Case Introduction
My case is store some words in elasticsearch index, every word get its ID. My query data is some message. When there are some punctuation marks in the query data message, Elasticsearch will return a wrong answer.
Example:
For instance, I stored keywords "banana,apple,pen" in the index. I stored it using the bulk_index API
Query data1: "is this banana?"
The right result should be hits keyword "banana", but now it hits nothing.
Query data2: ">> it is a book"
The result should be hits nothing, but now it hits all the keywords in the index.
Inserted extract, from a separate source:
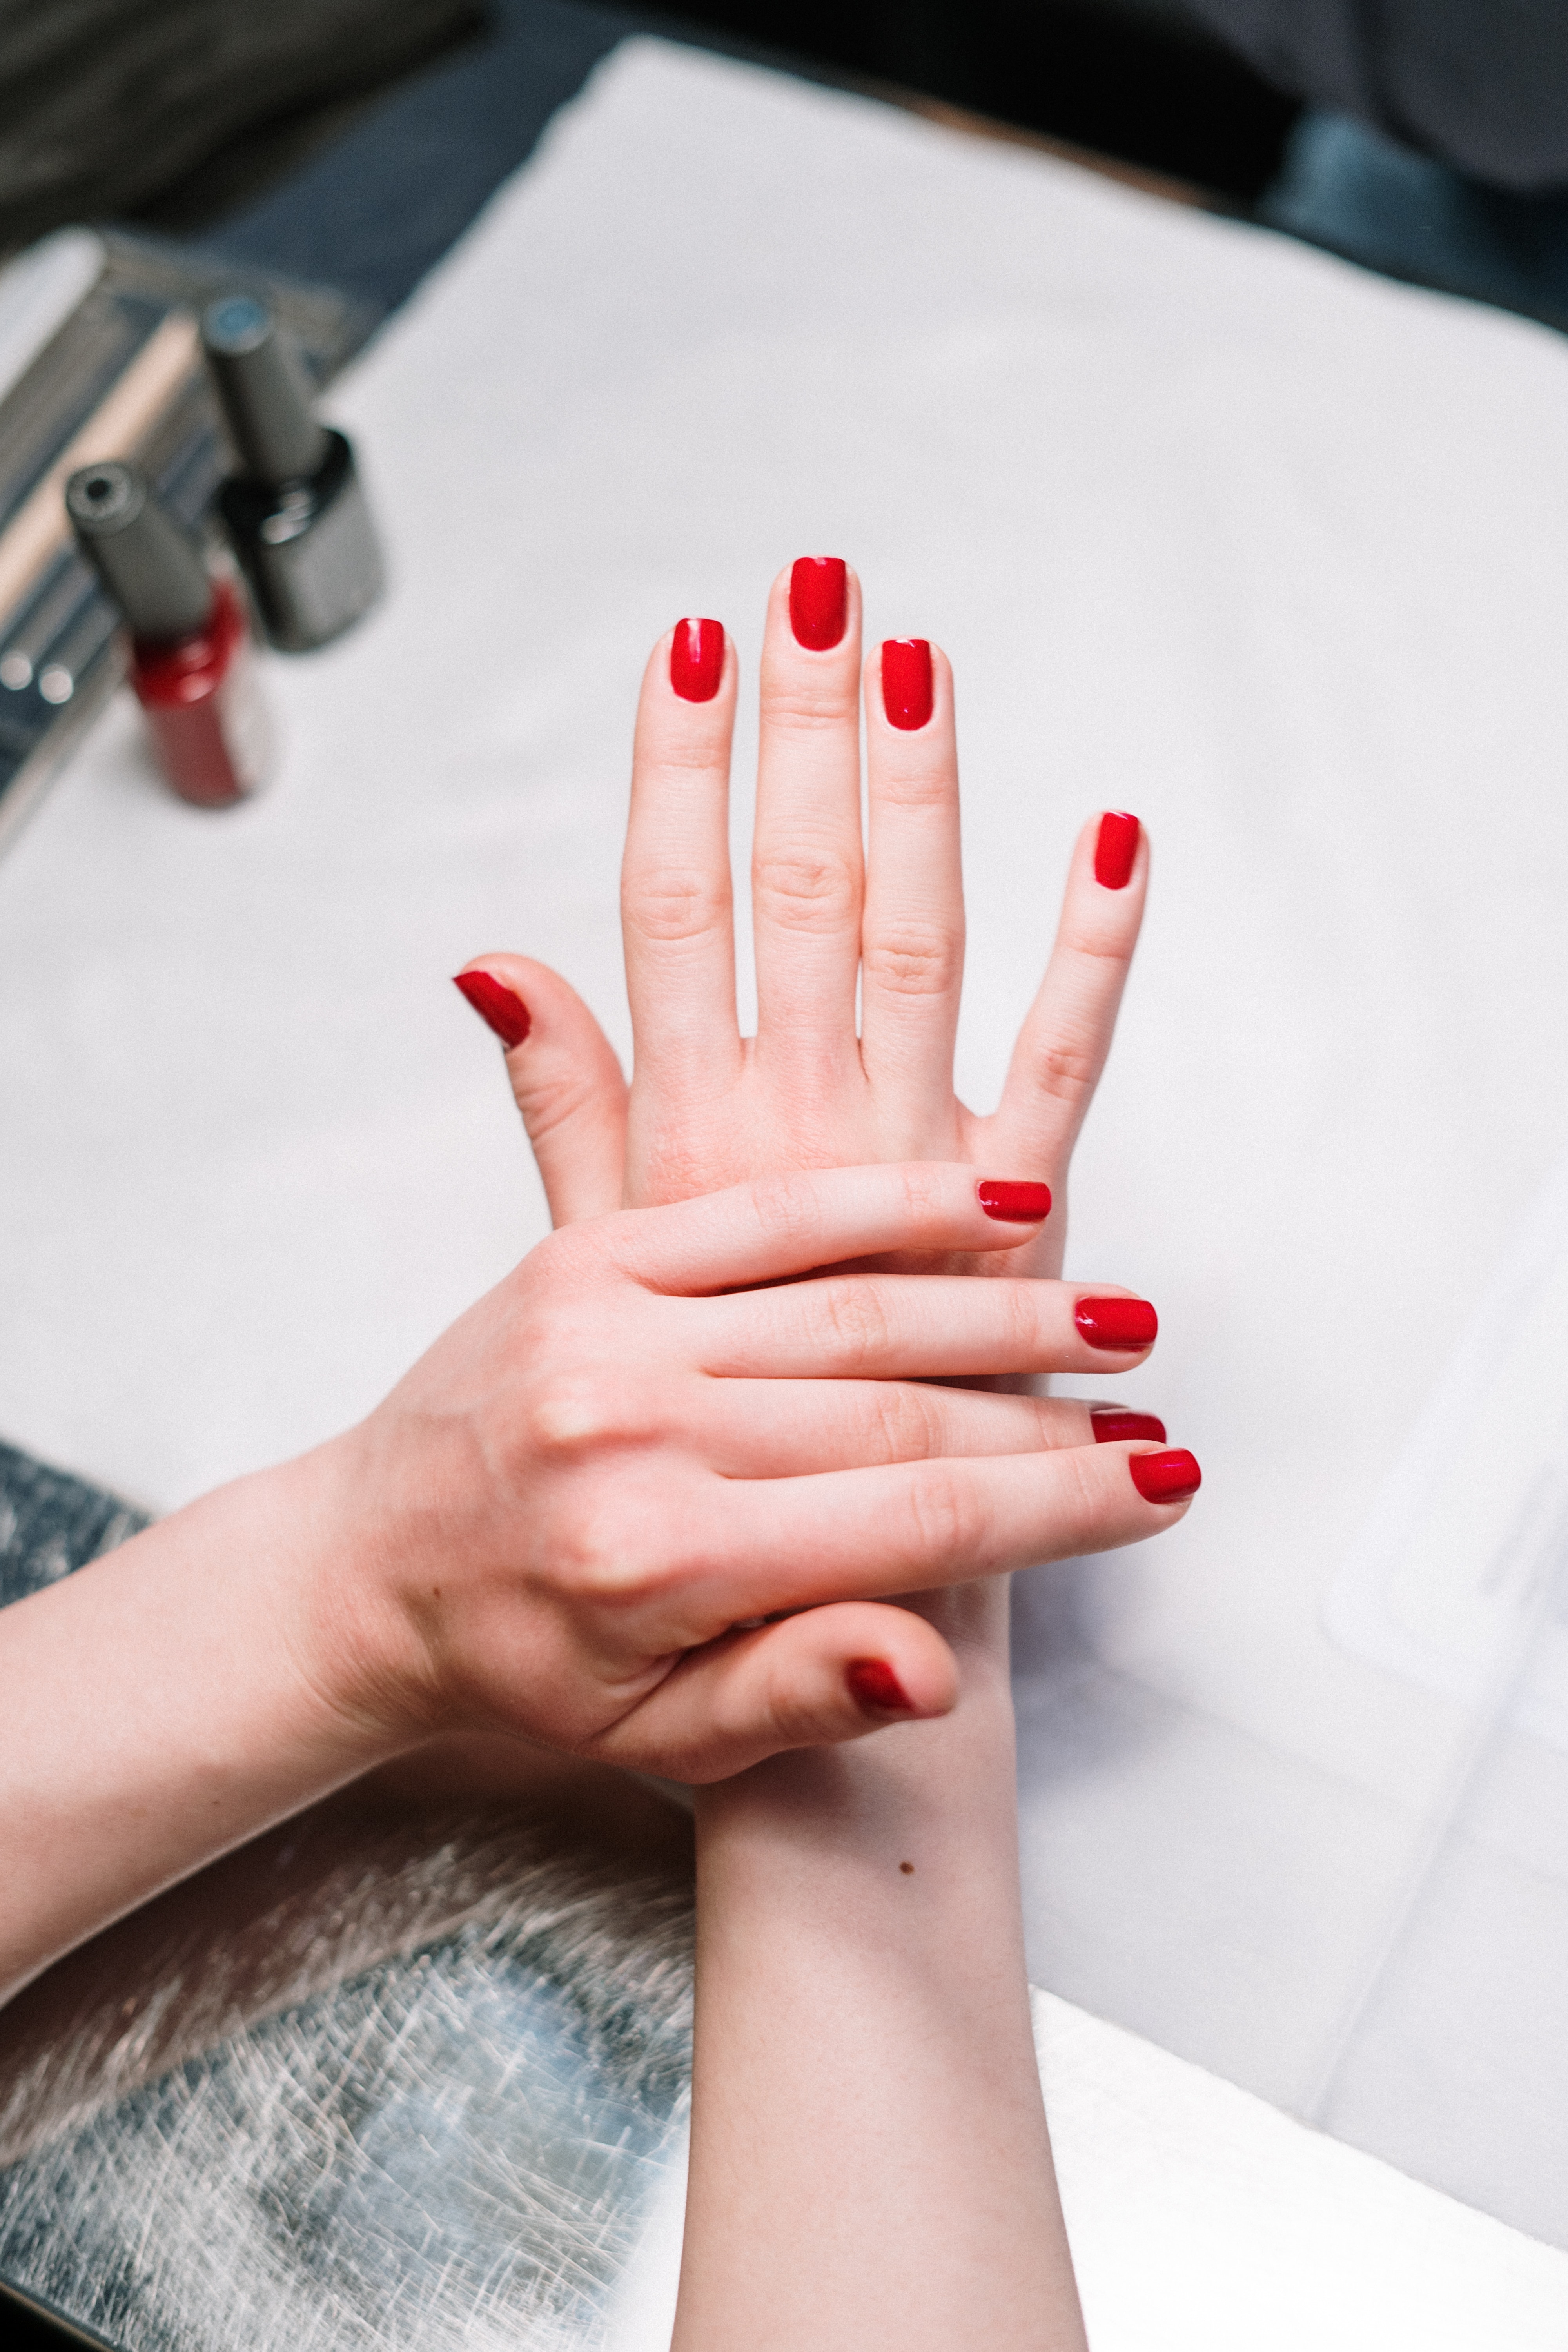 An image of a woman's manicured red nails. | Source: Pexels

Without the punctuation the query result will work correctly.
Code:
My code for storeToIndex:(python, pyelasticsearch as the client)
es=ElasticSearch('http://localhost:9200/')
rval = es.bulk_index('%s'%index_name,'json',doc, id_field="id")
My code for queryIndex()
query={"query":{"query_string":{"query":"%s"%query_data}}}
es=ElasticSearch('http://localhost:9200/')
search_result=es.search(query=query,index=index_name,doc_type='json')
Question:
I can use regular express to solve it but is there any solution using elasticsearch setups? Something like filter or API, etc.?
Environment configuration:
Ubuntu 12.04 desktop 64 bit
Elasticsearch server in Ubuntu, version 0.90.7,single node
Client: pyelasticsearch
Programing language: python
API used: bulk_index API, search API